* **WHAT YOU ARE ASKED TO DO**
Reproduce the records below exactly, but only between the lines holding "ljus effekt av" and "The lion wasn't", inclusive.

* **DATA FOR THIS TASK**
********************
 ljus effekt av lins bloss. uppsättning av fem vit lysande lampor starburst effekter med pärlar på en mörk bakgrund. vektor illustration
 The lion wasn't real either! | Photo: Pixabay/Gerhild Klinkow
********************
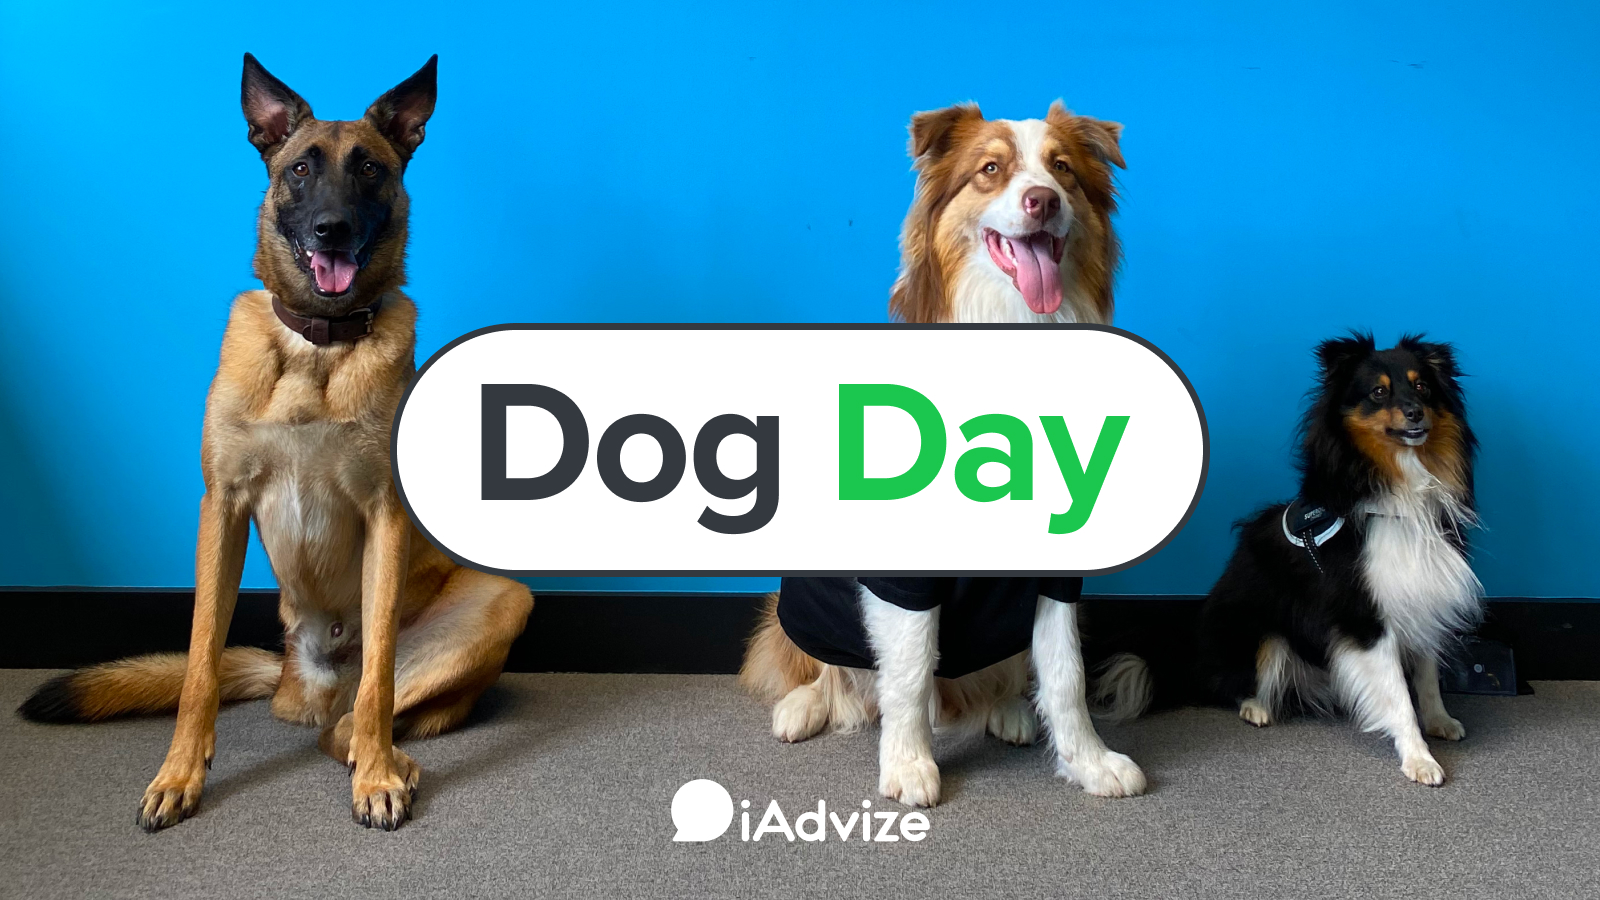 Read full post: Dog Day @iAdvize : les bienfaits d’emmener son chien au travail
********************
* **RESPONSE**
 ljus effekt av lins bloss. uppsättning av fem vit lysande lampor starburst effekter med pärlar på en mörk bakgrund. vektor illustration
 The lion wasn't real either! | Photo: Pixabay/Gerhild Klinkow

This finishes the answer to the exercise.